Vientiane, Laos was a bit of a stop-over city for us. I had read about Buddha Park and we decided to stay a couple days and check it out. We had been warned that it wasn’t too exciting, and while I would agree, we still managed to keep ourselves entertained for our extra day.
Our first morning mission was to get some coffee. We found a lady on the street making fresh coffee with sweet condensed milk (my new favorite) and we ordered one to share as they came in these giant bags! That’s right, I had a bagga’ Joe.
The beautiful Wat Sisaket Museum, built in 1818 (sorry there are no photos from the inside, as they’re not allowed) is one of the oldest standing temples in Vientiane. They are working on restorations of the paintings on the inside of the temple and the surrounding courtyard which contains over 2,000 Buddha figures.
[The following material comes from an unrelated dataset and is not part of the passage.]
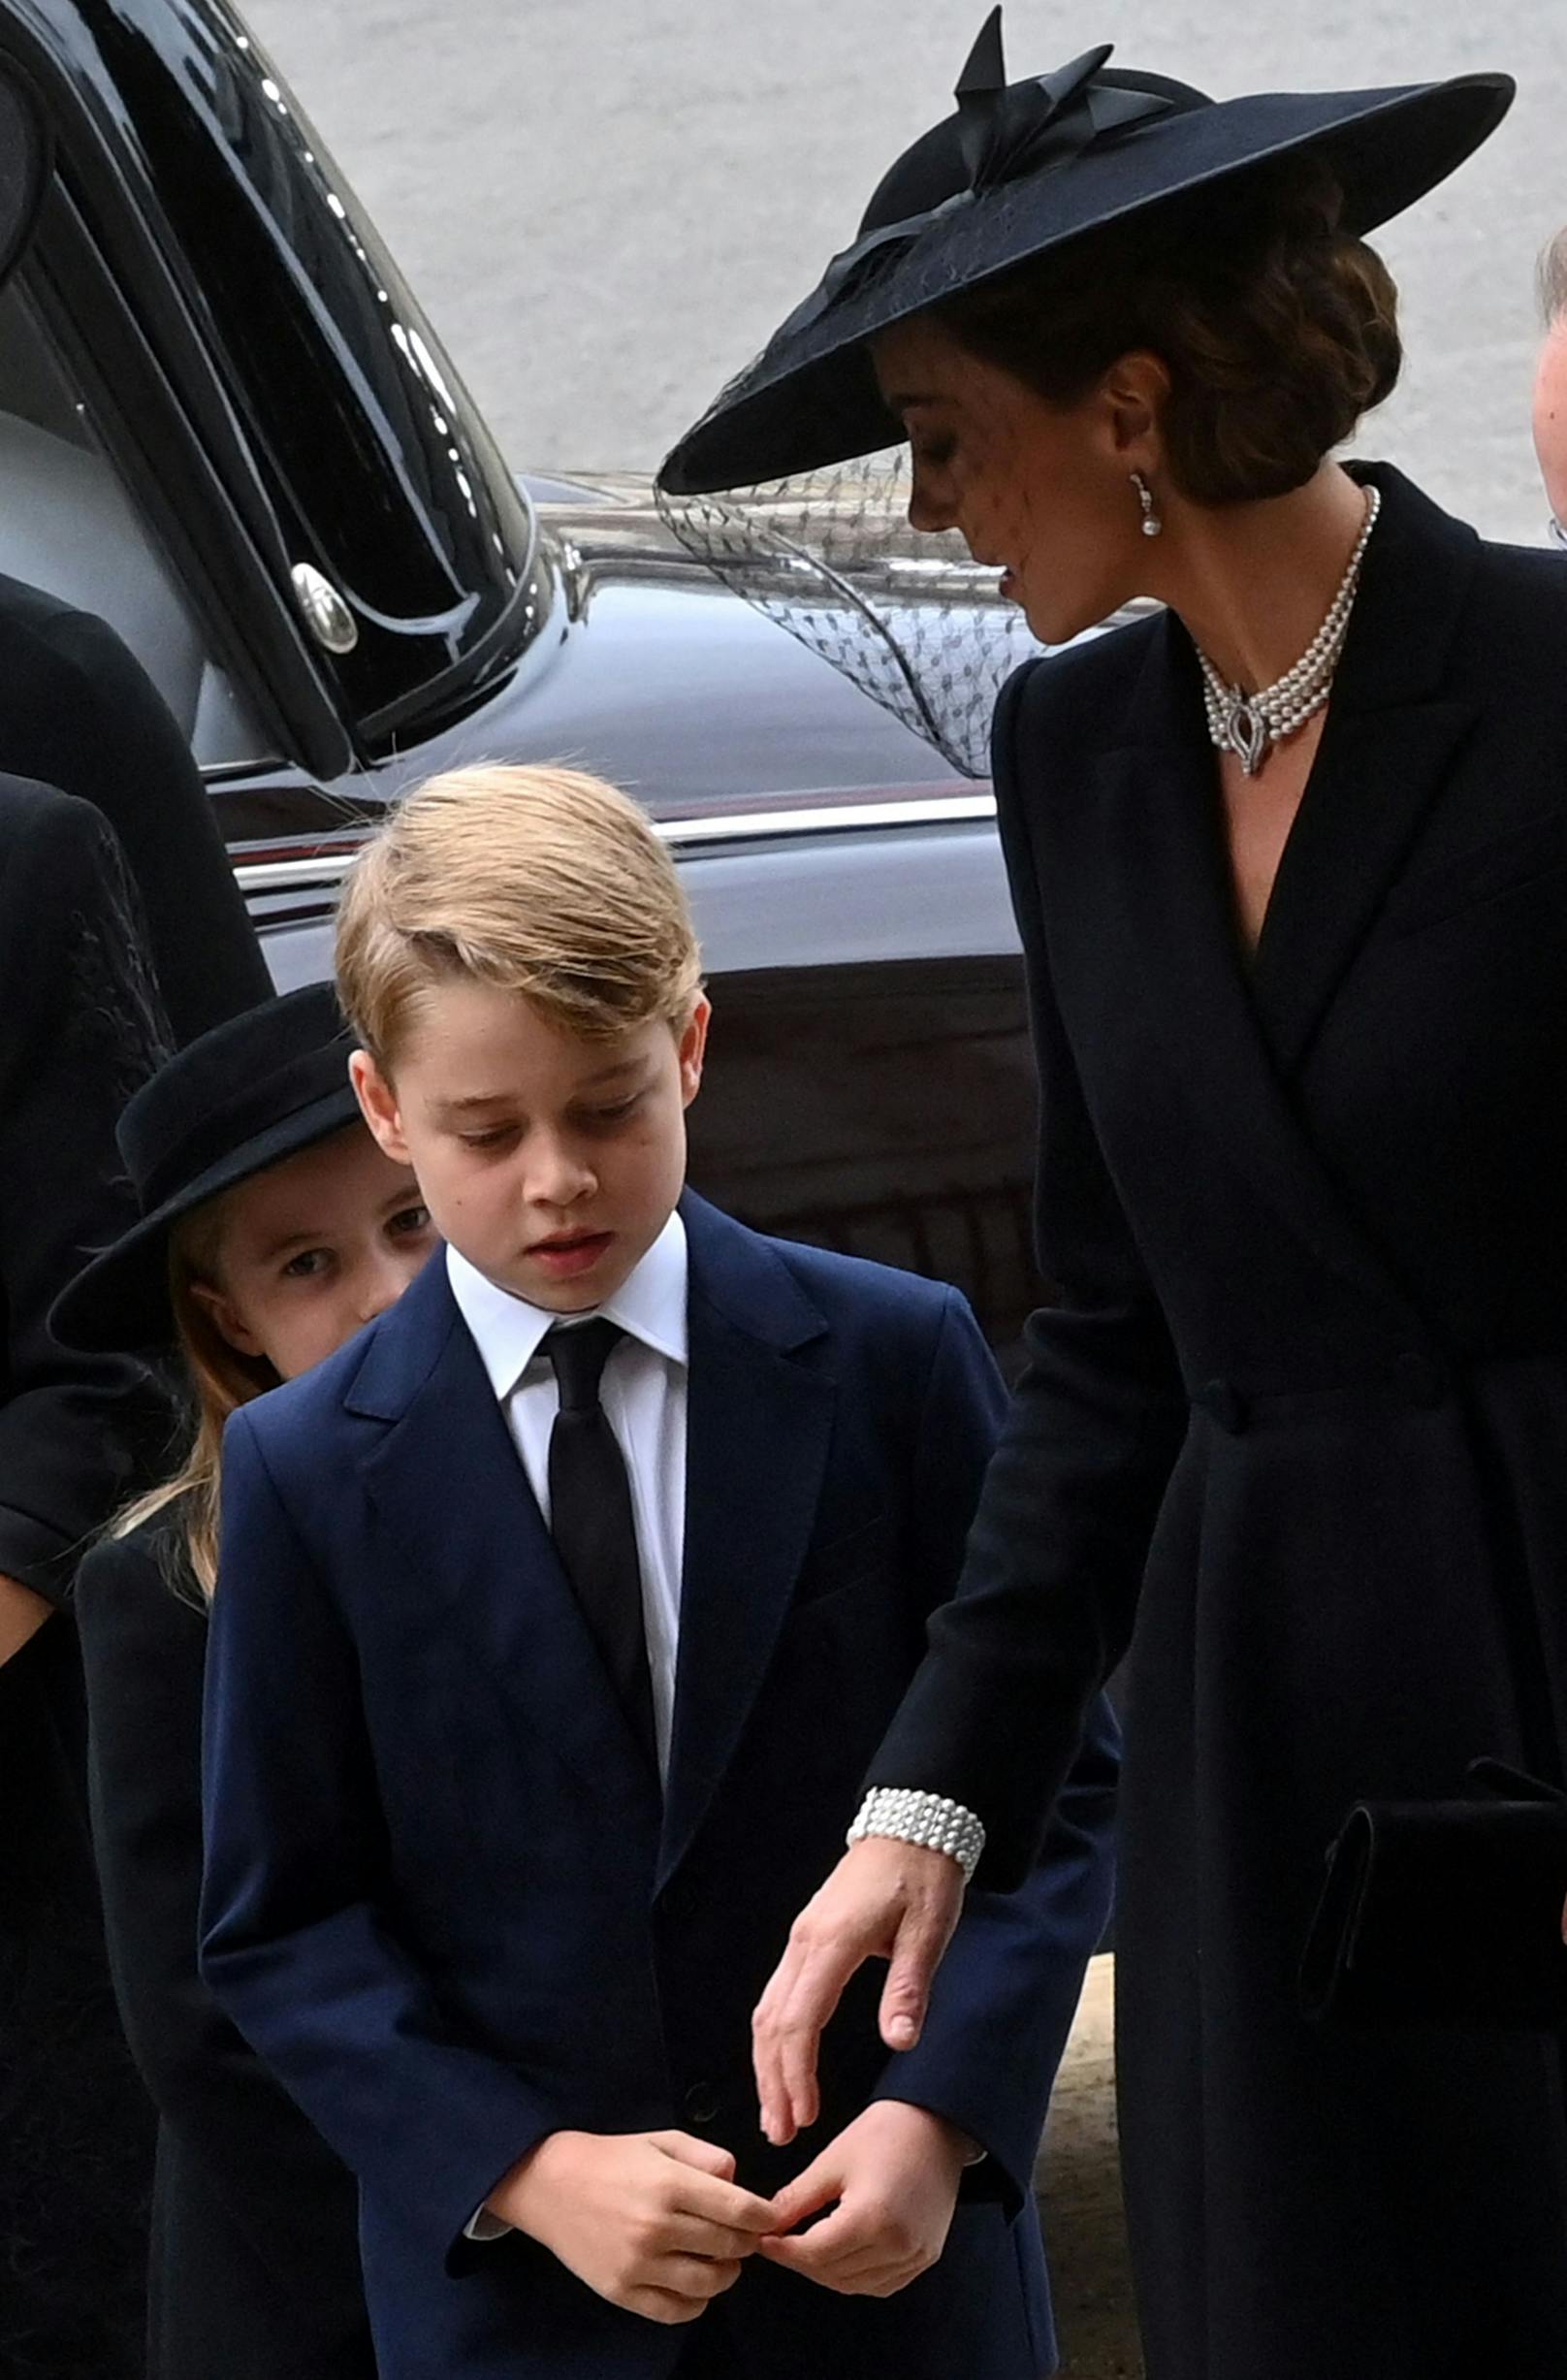 Prinzessin Kate selbst trug die Kette mit tropfenförmiger Diamantspange in der Mitte erstmals zum 70. Jahrestag von Prinz Philip und Queen Elisabeth II. im Jahr 2017. Damit eine ganz besonders Hommage an die Königin und ihr Leben.

The paint seen behind this Buddha figure is an example of the restorations being done here. It’s going to look striking, although I like the rustic look as well.
This is the shrine outside of Sisaket Temple. It’s definitely a beautiful example of a Laos shrine.
We tried to go to the National Museum, but it was closed and construction was happening on the main building. However, we did get to see this really cool exhibit of carvings on these tree trunks and roots. So impressive!
Near the river is Anouvong Park and inside the park with a massive statue of King Anouvong who sought to lead a revolution, but failed & ended up dying in a Thai prison. Regardless, he is see as a national hero and this statue has Anouvong facing the Mekong River & Thailand with an outstretched hand. Anouvong had ordered that Wat Sisaket be built and it was the only main Buddhist temple that wasn’t destroyed during the sacking of Vientiane. Below the statue, there are tons of small offerings to this national hero left daily.
To be honest, I’m not sure of the name of this beautiful Buddhist temple. I popped in on the way back to our hostel to just have a short, quiet moment. I love stopping by the neighborhood temples and taking the time to appreciate the opportunity I have to be right there in that moment.
On our way to dinner we stopped into this adorable bookstore. The couple who owned it was incredibly sweet and we were so happy to support their business and we each got a travel book that we enjoyed!
For dinner we went to Lao Kitchen. Stacey found this restaurant on Trip Advisor and it was the perfect spot for a nice Laotian dinner. Their menu had local cuisine, was a nicer sit-down restaurant but still reasonably priced), and the really cool part is they have this thing called “tourist-style” where the food is still very much Laos food, but a bit less intimidating.
Although Vientiane wasn’t a favorite city, we still saw interesting & unique things here. If you’re curious, definitely stop in and if you have to pass through to your next stop definitely leave time to explore Buddha Park.